Do I need cataract surgery? Probably not, but you might want it anyway.
Very few people need cataract surgery to prevent irreversible blindness. Examples of these people are infants born with congenital cataracts that prevent vision development and adults with conditions like cataract induced glaucoma that can cause permanent blindness.
For most of us a better question is: Do I want to have cataract surgery now or should I wait? Before answering, we need to understand what cataracts are and what problems they cause.
Cataract Surgery Causes and Problems
Our natural eye lens focuses light as a crisp, clear visual image on our retinal photoreceptors. Composed of proteins that form a highly ordered “crystalline” structure, this eye lens is clear and transparent early in life. Over decades, our natural clear crystalline lenses lose transparency and the ability to focus crisp images on the retina. Cataract is the word used to describe these previously transparent crystalline lenses that have become opaque or less transparent. Cataracts are not tumors or growths over the eye.
By preventing light from easily passing through a clear crystalline lens, cataracts impair vision. Sometimes, patients lose fine visual detail and have more difficulty reading small print, especially in dim light. Other times, cataracts cause significant glare, starbursts and halos around bright lights. Night vision degrades and driving in the rain becomes challenging with cataracts. With eyes that “tire” easily, people find themselves increasing font size on phones, tablets and computers. Lens cataract formation can rapidly change your glasses prescription, sometimes to the point that glasses from years past work better than brand new glasses. People often opine that their new glasses were “made wrong” or “only worked for a short time”. Consequently, patients with cataracts might notice that they are seeing their optometrist more often and updating glasses more frequently.
Trauma to the eye can create a dense cataract instantly, and a variety of conditions such as uncontrolled glaucoma, eye inflammation, and diabetes can cause significant cataract development over a period of days or weeks. Fortunately, for most of us cataract formation is a very slow process that gradually occurs over six or seven decades. In fact, the natural lens of a typical 20-year-old (shown) is slightly yellow compared to how her lens appeared 10 years prior.
We don’t usually call this minor change a cataract because it is a normal process that doesn’t yet impair vision. But over the years this yellowish/browning of the natural lens eventually makes it harder to see.
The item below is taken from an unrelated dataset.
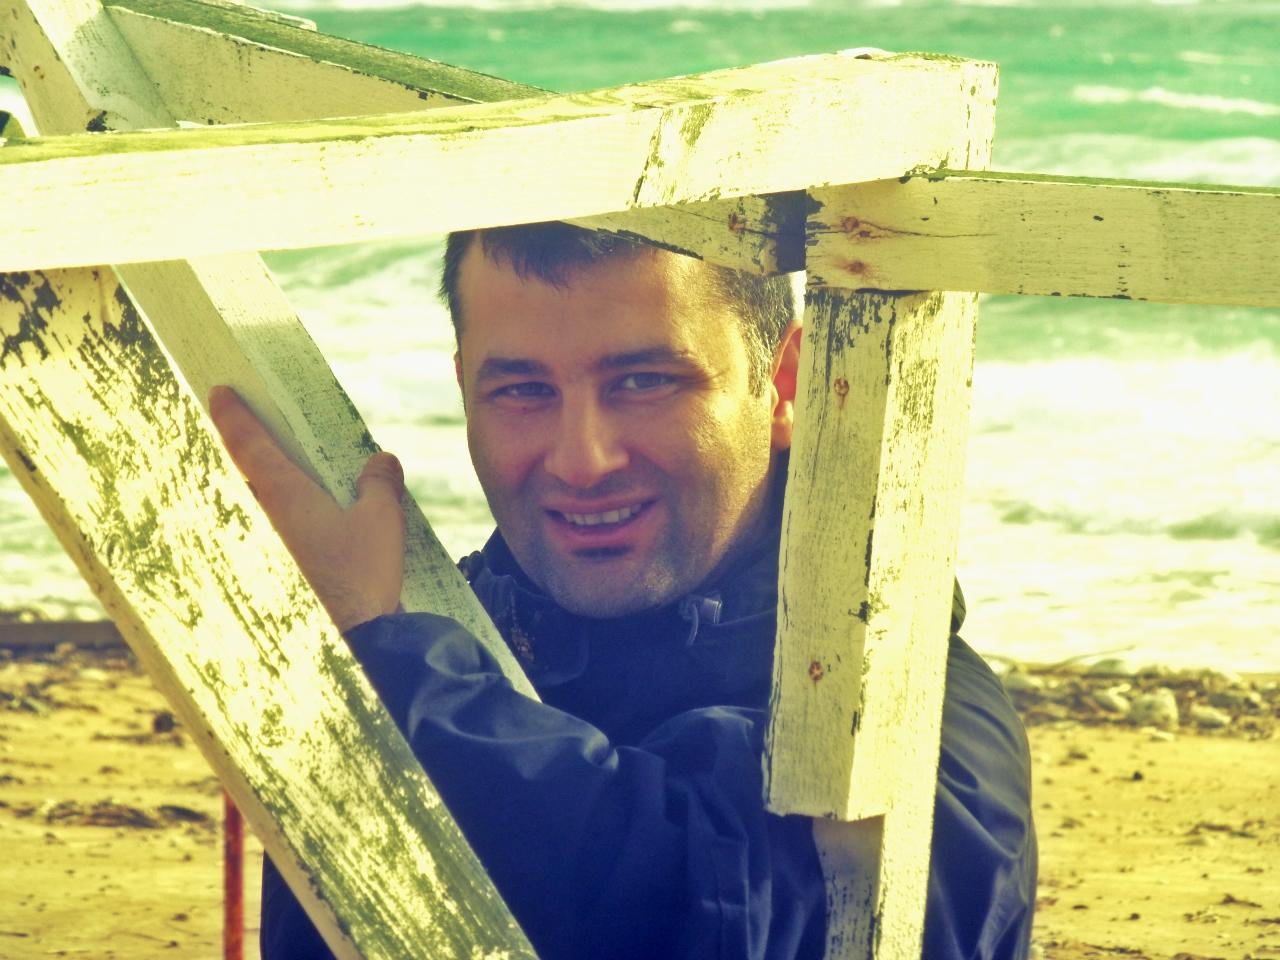 Fırat Tunabay Bozcaada Haber'de Yazdı: Resif ve Köpekbalıkları

Often, the first time you hear about your cataract is when your optometrist says, “your vision cannot be improved with a new pair of glasses and you need cataract surgery.”
But do you need cataract surgery? Your optometrist might need you to have cataract surgery because you keep coming to her office complaining about glasses that don’t work. Your son might need you to have cataract surgery so you can resume driving after dark and family get togethers can continue past 4 pm. Your sister might need you to have cataract surgery because she’s concerned that you’re in denial about your eye “disease”.
Fortunately, a typical cataract does not harm the eye. The beauty of modern cataract surgery is that, while there are certainly risks, the vast majority of patients do very well, and age and overall health status don’t normally prevent you from having the operation. You can usually wait until you’re ready, even if you’re not ready until you’re 100 years old. Aside from the rare scenarios where cataract surgery is necessary to prevent permanent and irreversible blindness, almost everyone can wait as long as they want to have cataract surgery.
But if you’re bothered by your vision difficulties you don’t have to wait. The time to do cataract surgery is simply when your vision bothers you enough that it’s worth the risk of having the operation. Here are examples of reasons people want cataract surgery:
- “My vision is too poor to renew my driver’s license and I want to keep driving”
- “I’m unable to read or use my phone/tablet/computer and I would like to have surgery in order to resume those activities”
- “I’m a pilot or a bus driver and I can’t work without passing the minimum vision requirements”
- “I enjoy painting or sculpting and feel deprived of my creative outlets”
- “I can no longer solder circuit boards or write code”
- “I can no longer read music”
- “I can no longer find the golf ball”
Medicare and most insurance plans have specific vision criteria that determine whether the cost of surgery will be covered. These criteria reinforce the sentiment that a cataract must be “ripe” enough for surgery. Vision impairment cutoff qualifications save insurance companies money, but they also serve to protect patients from the risks of cataract surgery for trivial vision changes.
Nonetheless, some people have cataract induced vision difficulty that legitimately impairs their individual quality of life activities even if they don’t “qualify” for cataract surgery. For those situations, cash pay or direct pay cataract surgery is an option.
As an eye surgeon, I love doing cataract surgery. It’s fun. A lot of fun.
But surgery isn’t something to pursue just because a cataract is identified. There should be some activity in your life hindered by your cataract vision. The most important aspect of any cataract evaluation is a candid and personable conversation about the exact vision problems you hope to correct. Make sure you’re given the opportunity to have an unhurried discussion directly with your cataract surgeon about your vision difficulties, surgical concerns and goals.